EXERCISE AIM ▸ Transcribe exactly the line containing "RAL 240 40 35" and the remaining lines of the listing below, through the very last.

MATERIAL PROVIDED ▸
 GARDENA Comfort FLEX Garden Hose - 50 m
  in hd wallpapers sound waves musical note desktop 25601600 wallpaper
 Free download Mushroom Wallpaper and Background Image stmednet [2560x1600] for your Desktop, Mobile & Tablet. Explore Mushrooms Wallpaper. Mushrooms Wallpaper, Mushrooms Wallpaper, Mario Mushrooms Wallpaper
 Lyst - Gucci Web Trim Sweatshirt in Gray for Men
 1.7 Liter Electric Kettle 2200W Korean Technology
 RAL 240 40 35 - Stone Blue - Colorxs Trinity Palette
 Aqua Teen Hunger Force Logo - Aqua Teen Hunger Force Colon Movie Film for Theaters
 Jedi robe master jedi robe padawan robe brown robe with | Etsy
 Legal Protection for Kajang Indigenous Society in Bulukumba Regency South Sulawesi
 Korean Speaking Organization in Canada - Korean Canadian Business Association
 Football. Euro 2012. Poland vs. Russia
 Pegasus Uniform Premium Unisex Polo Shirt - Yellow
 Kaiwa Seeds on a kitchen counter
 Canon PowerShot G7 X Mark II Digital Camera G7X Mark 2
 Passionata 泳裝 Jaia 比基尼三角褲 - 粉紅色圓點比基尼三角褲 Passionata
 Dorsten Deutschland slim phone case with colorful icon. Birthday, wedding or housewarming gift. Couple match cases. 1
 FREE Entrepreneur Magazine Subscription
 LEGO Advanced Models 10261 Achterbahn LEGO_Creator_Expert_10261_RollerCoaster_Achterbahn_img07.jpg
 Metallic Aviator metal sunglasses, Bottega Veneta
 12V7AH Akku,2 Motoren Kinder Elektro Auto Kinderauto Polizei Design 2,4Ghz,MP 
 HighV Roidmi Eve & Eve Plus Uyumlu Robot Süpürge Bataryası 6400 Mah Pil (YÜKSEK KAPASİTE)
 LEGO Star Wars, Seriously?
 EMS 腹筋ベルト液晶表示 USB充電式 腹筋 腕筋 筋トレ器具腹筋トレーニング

EXERCISE OUTPUT ▸
 RAL 240 40 35 - Stone Blue - Colorxs Trinity Palette
 Aqua Teen Hunger Force Logo - Aqua Teen Hunger Force Colon Movie Film for Theaters
 Jedi robe master jedi robe padawan robe brown robe with | Etsy
 Legal Protection for Kajang Indigenous Society in Bulukumba Regency South Sulawesi
 Korean Speaking Organization in Canada - Korean Canadian Business Association
 Football. Euro 2012. Poland vs. Russia
 Pegasus Uniform Premium Unisex Polo Shirt - Yellow
 Kaiwa Seeds on a kitchen counter
 Canon PowerShot G7 X Mark II Digital Camera G7X Mark 2
 Passionata 泳裝 Jaia 比基尼三角褲 - 粉紅色圓點比基尼三角褲 Passionata
 Dorsten Deutschland slim phone case with colorful icon. Birthday, wedding or housewarming gift. Couple match cases. 1
 FREE Entrepreneur Magazine Subscription
 LEGO Advanced Models 10261 Achterbahn LEGO_Creator_Expert_10261_RollerCoaster_Achterbahn_img07.jpg
 Metallic Aviator metal sunglasses, Bottega Veneta
 12V7AH Akku,2 Motoren Kinder Elektro Auto Kinderauto Polizei Design 2,4Ghz,MP 
 HighV Roidmi Eve & Eve Plus Uyumlu Robot Süpürge Bataryası 6400 Mah Pil (YÜKSEK KAPASİTE)
 LEGO Star Wars, Seriously?
 EMS 腹筋ベルト液晶表示 USB充電式 腹筋 腕筋 筋トレ器具腹筋トレーニング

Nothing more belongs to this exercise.